• **Task details**:
Omitting all images, set down every line below exactly as it appears.

Segment Start: Supplied information

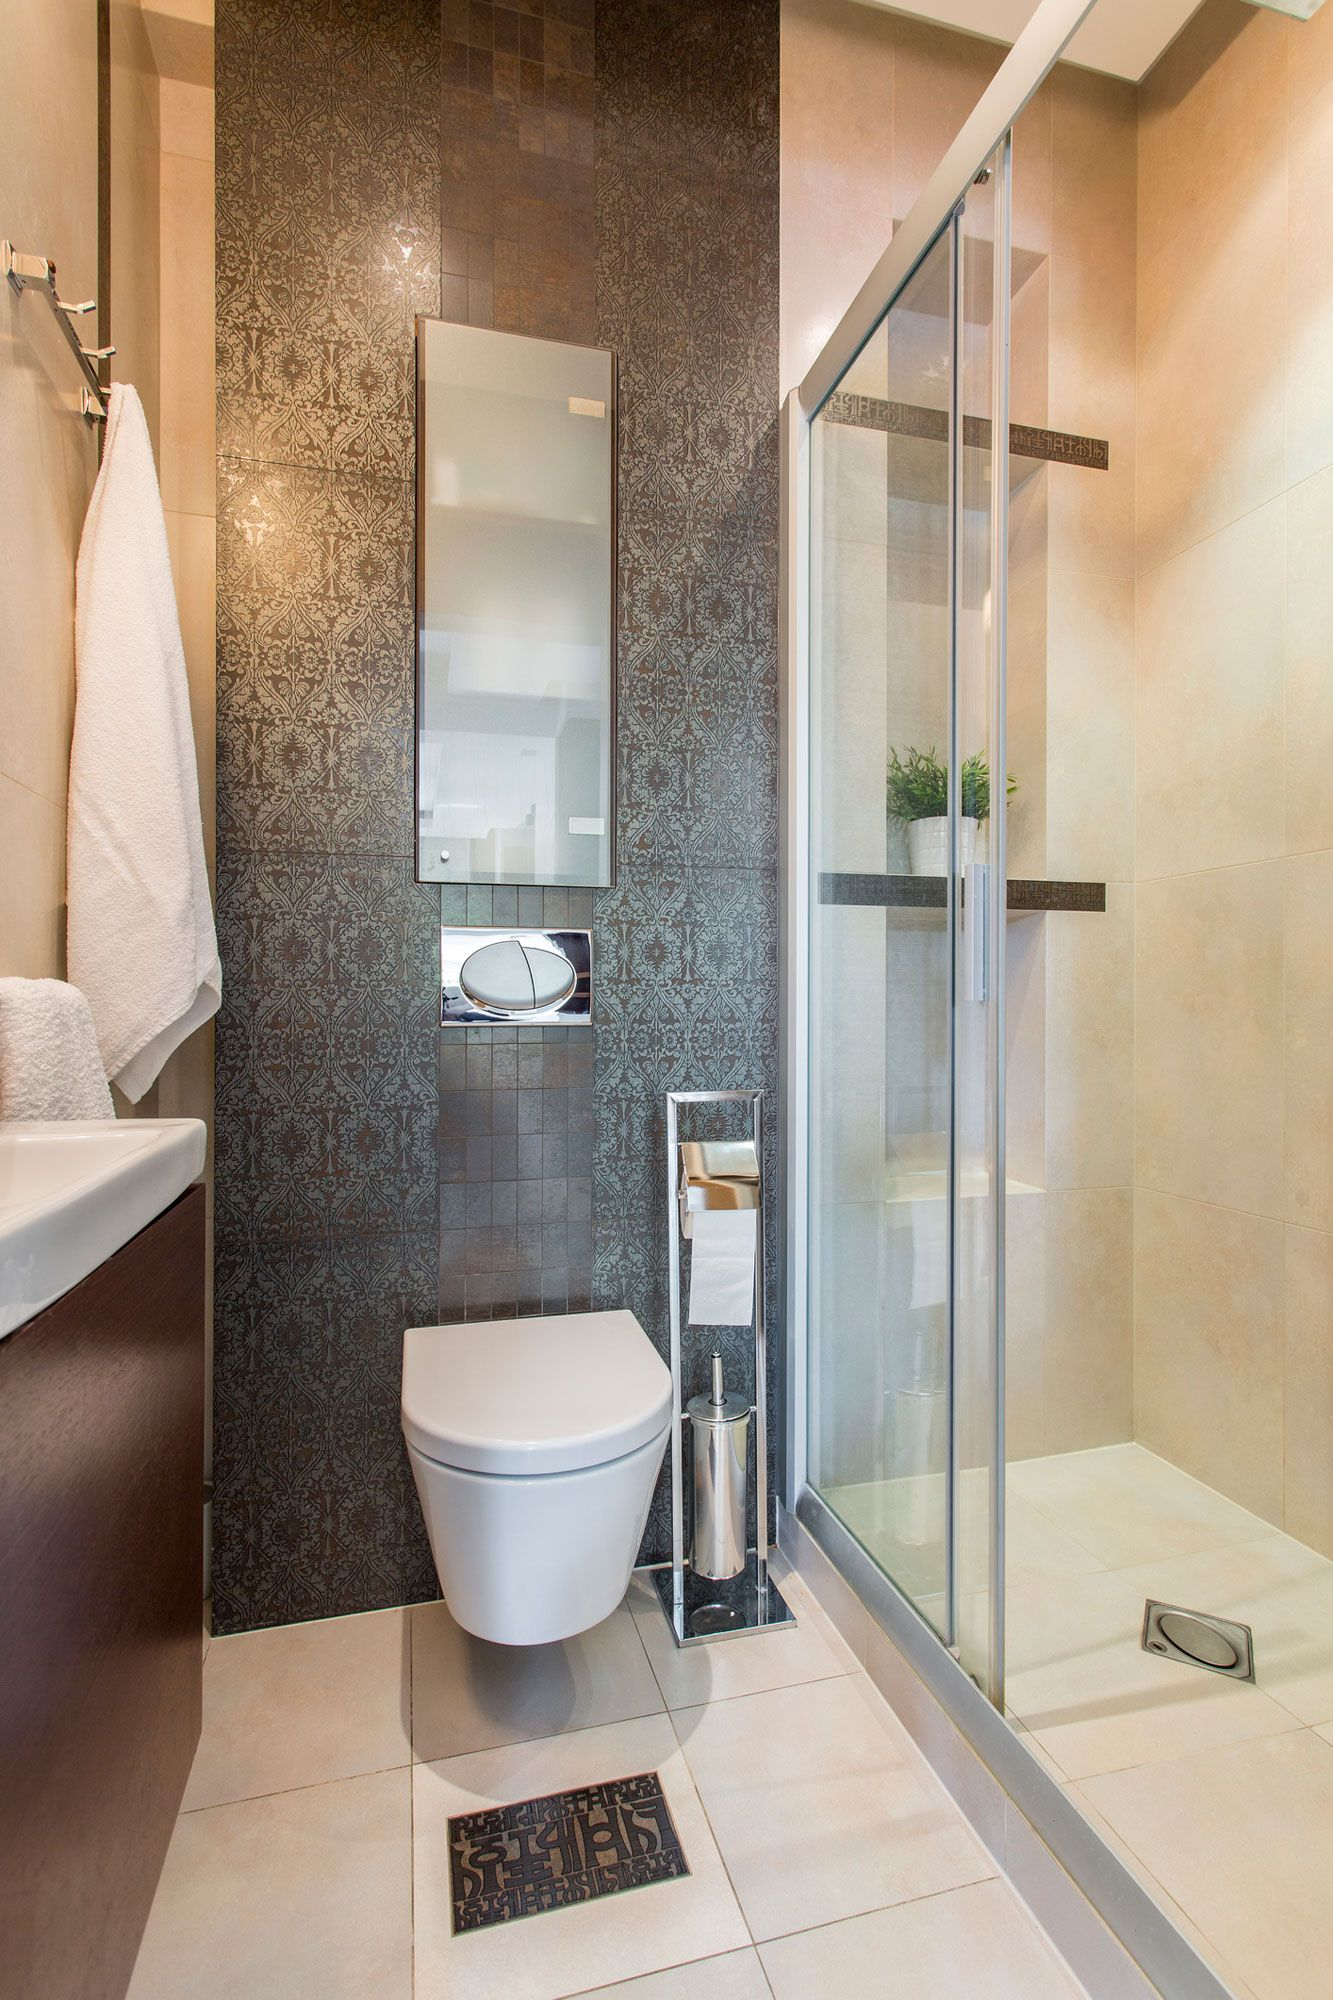 Astuces pour profiter de l'espace dans la salle de bain
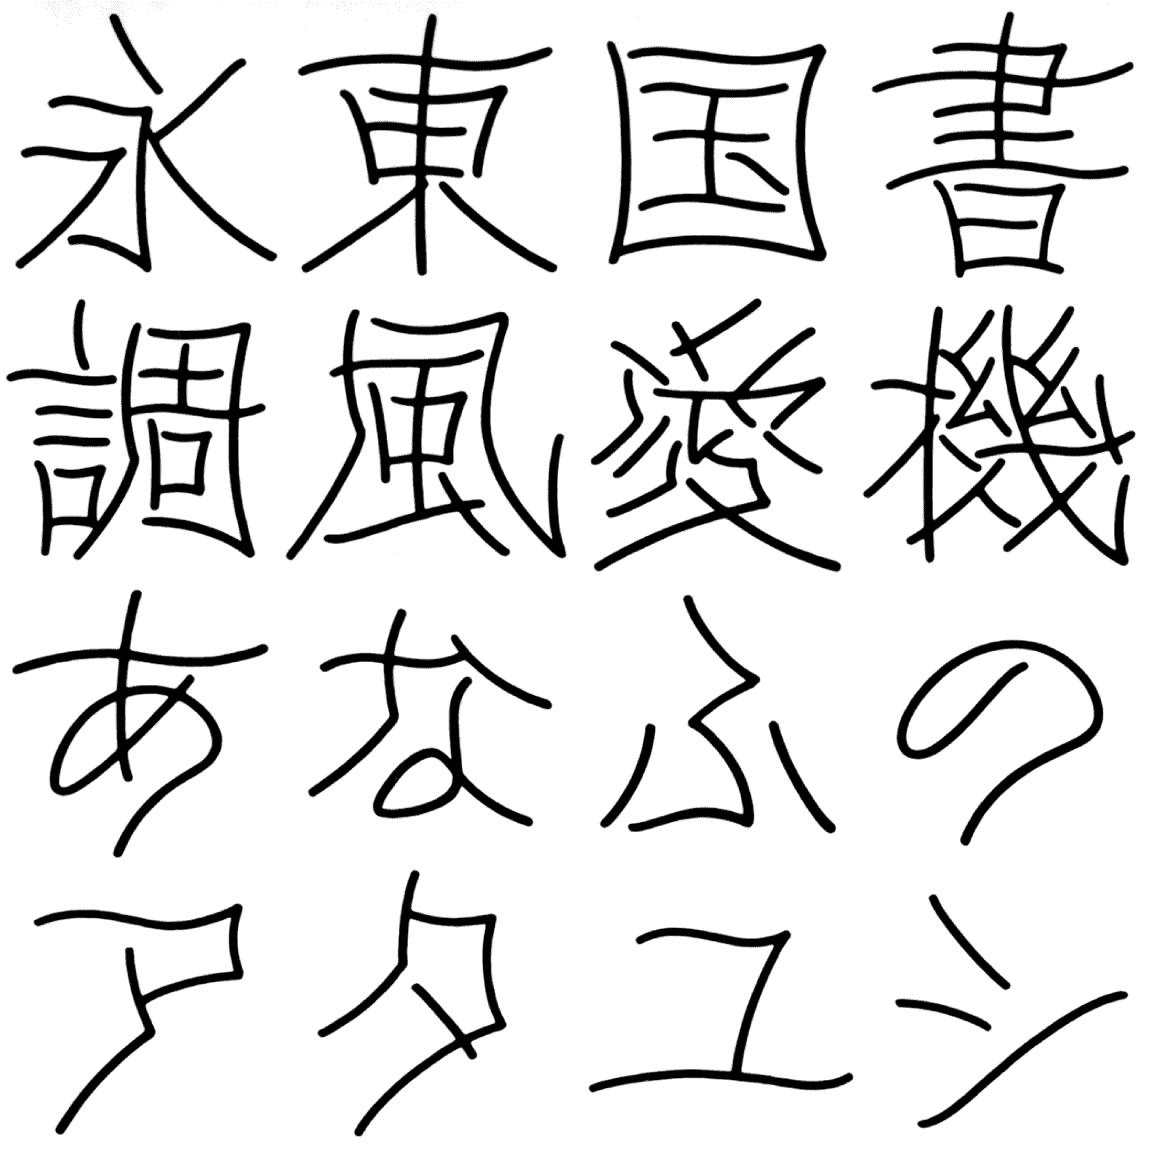 ウメール LUMR 字形見本
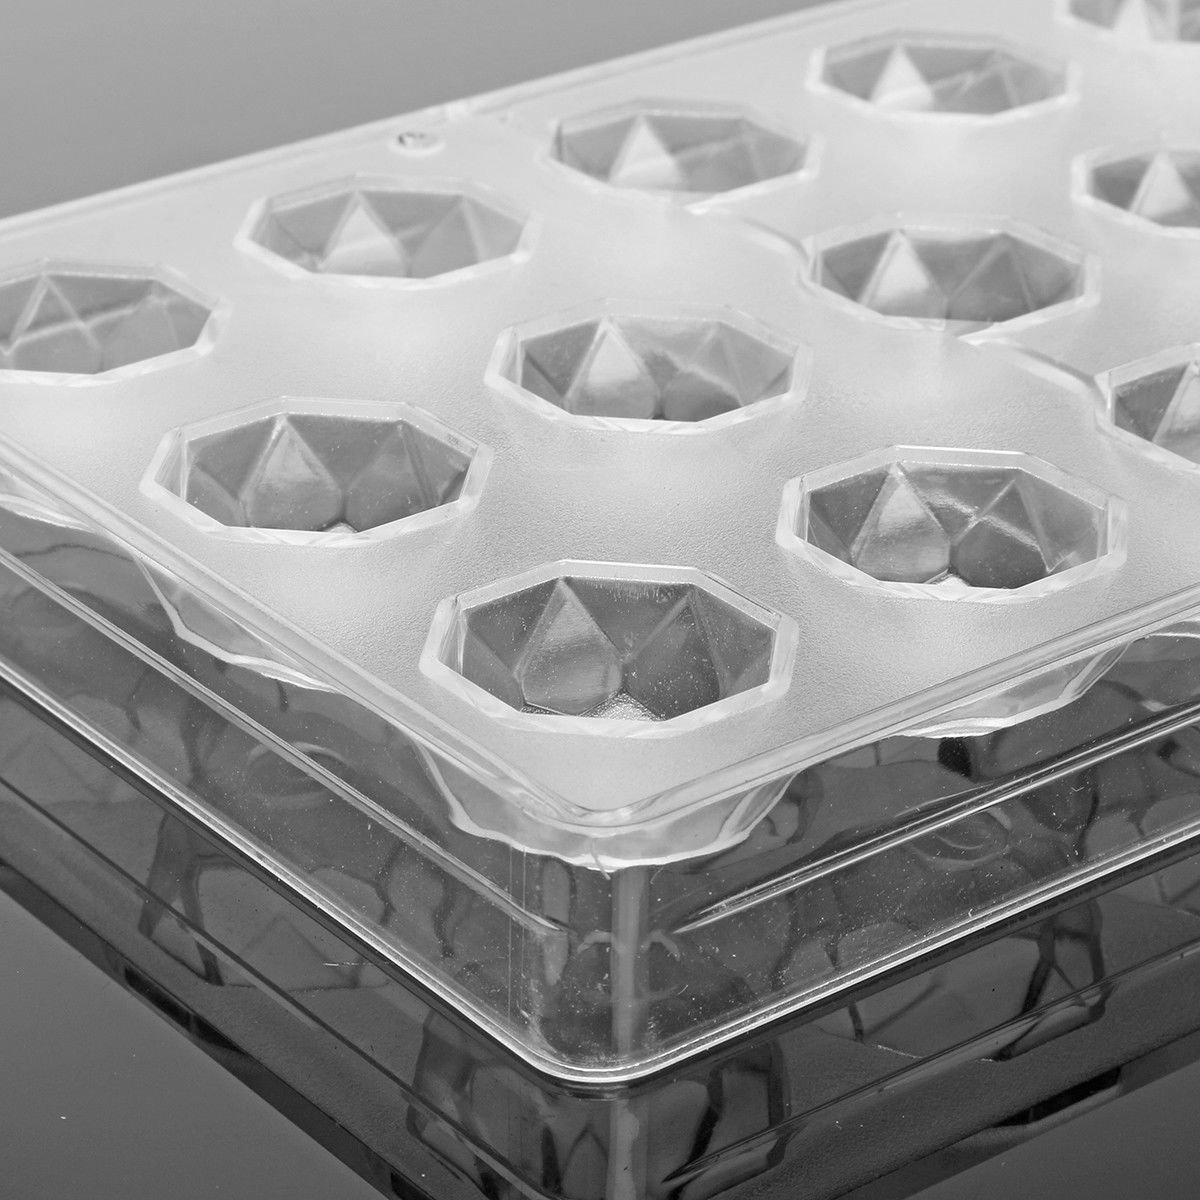 Cikuso Polycarbonate Dur Transparent de Fabricant de Chocolat DIY 21 Demi Moule de Sucrerie de Boule Mini Moule

Segment End: Supplied information

• **Output of the task**:
 Astuces pour profiter de l'espace dans la salle de bain
 ウメール LUMR 字形見本
 Cikuso Polycarbonate Dur Transparent de Fabricant de Chocolat DIY 21 Demi Moule de Sucrerie de Boule Mini Moule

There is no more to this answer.